LISTED RECORDS.
|---|

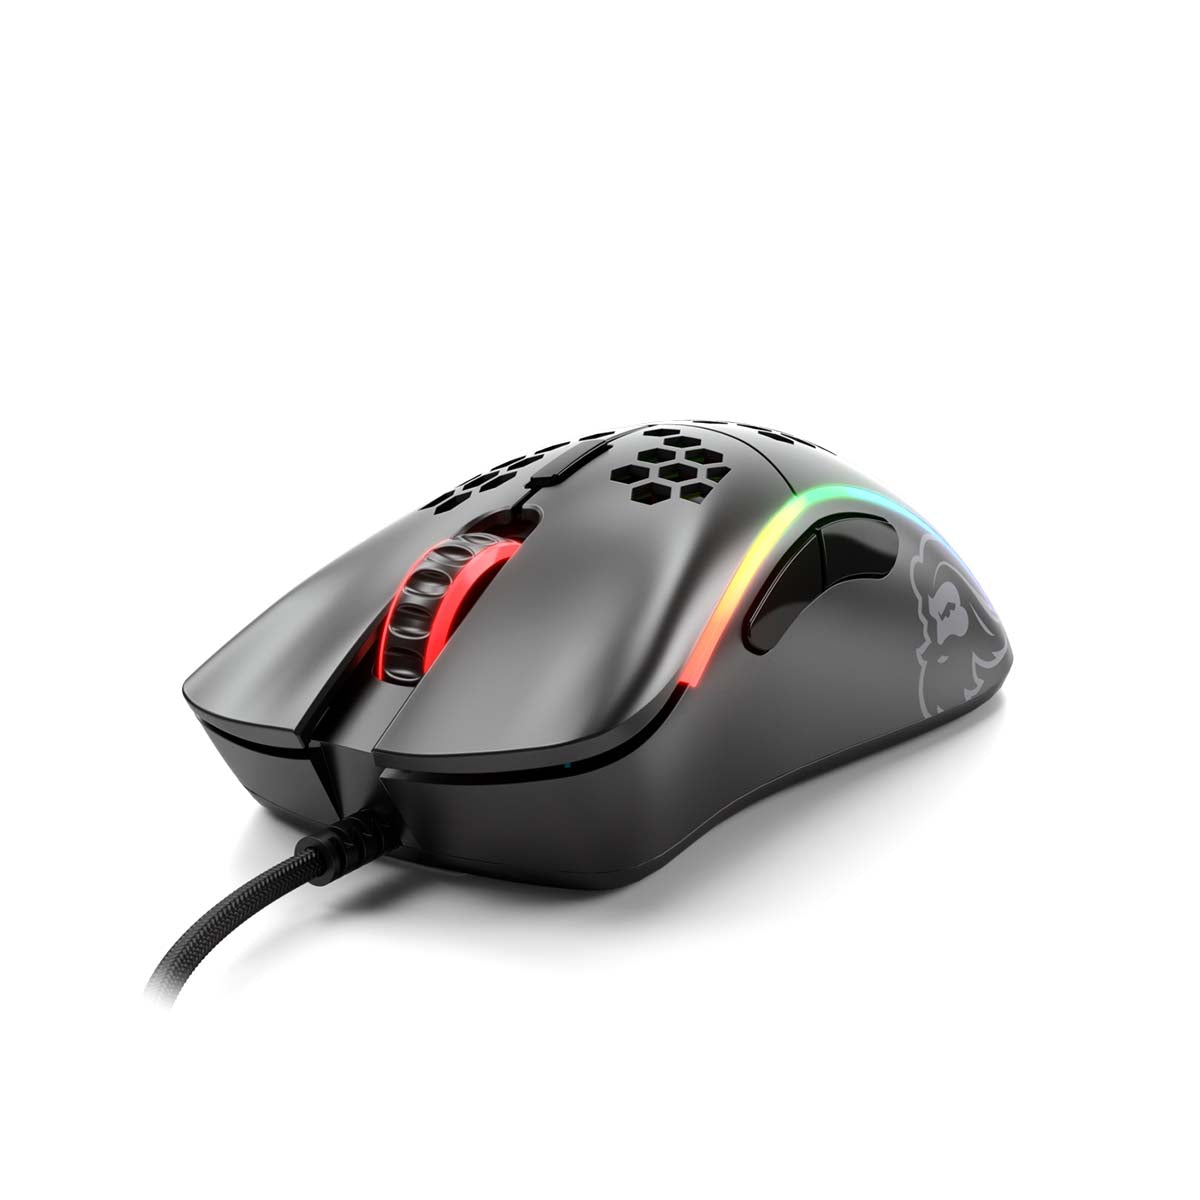 Glorious Model D- Wired Gaming Mouse - Matte Black
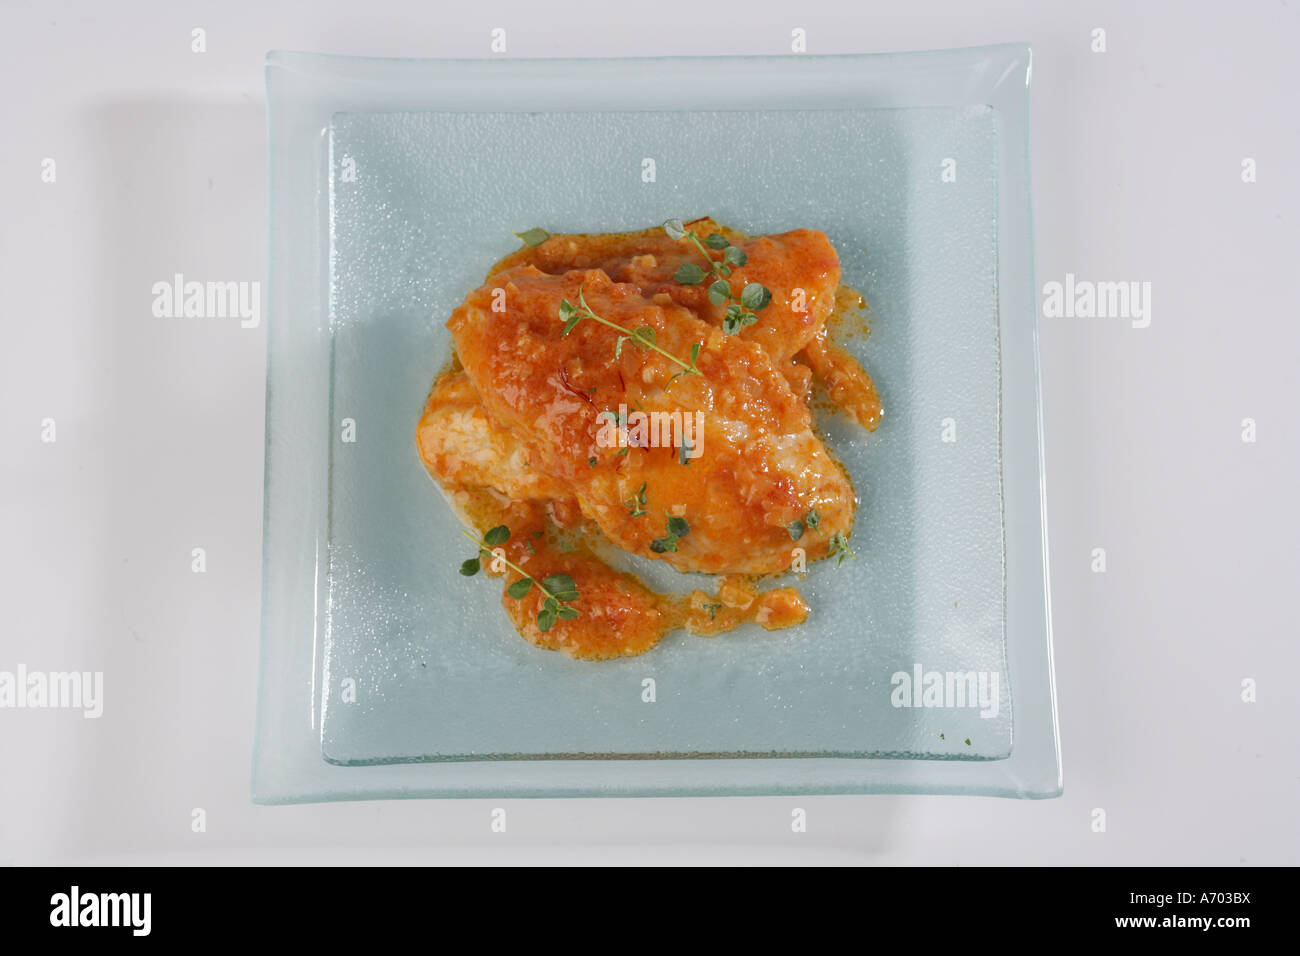 Red scorpion fish with sauce Stock Photo
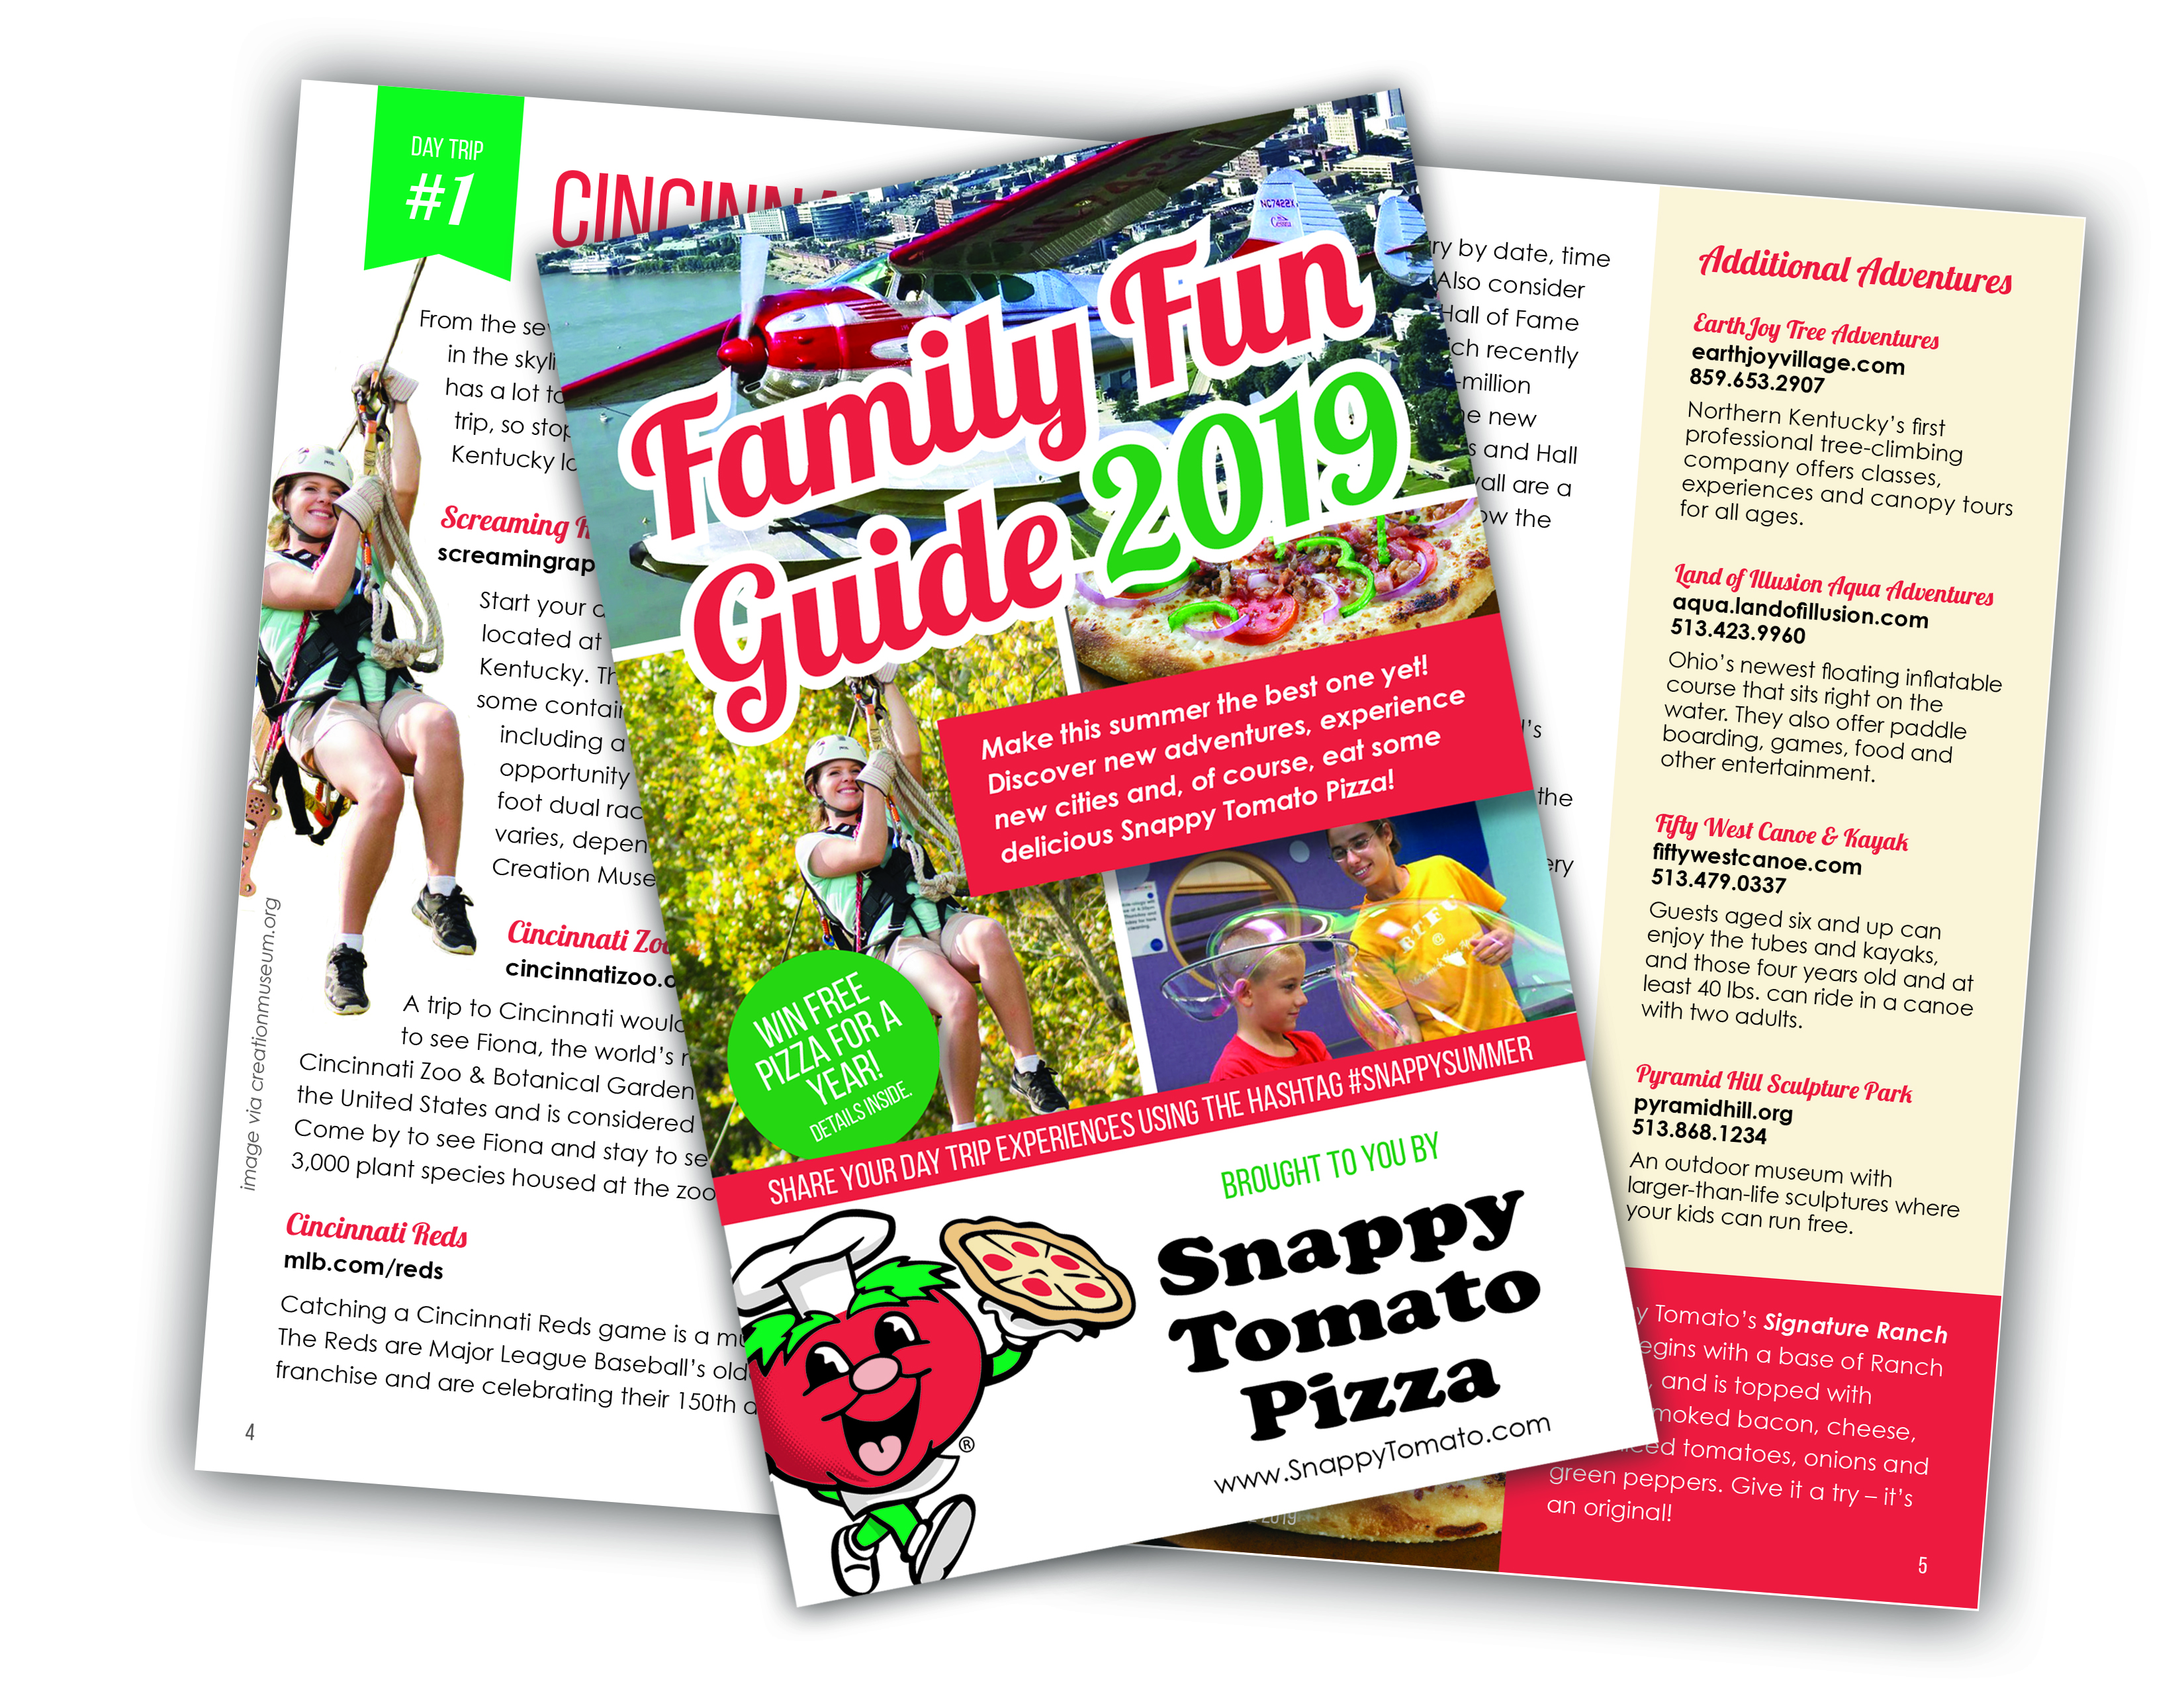 Family Fun Guide 2019 Image:
Snappy Tomato Pizza Family Fun Guide 2019 - A 16-page Family Focused Day Trip Travel Guide including Knoxville, Tennessee; Rabbit Hash, Kentucky; Cincinnati, Ohio; Columbus, Indiana; and Adams County, Ohio. #SnappySummer - www.SnappyTomato.com
#Winner #Pizza #SnappySummer

|---|

WORK INSTRUCTIONS. Considering only lines that hold the word "Pizza", work out how many appear in the listing above and give that number only.

WRITTEN RESPONSE. 2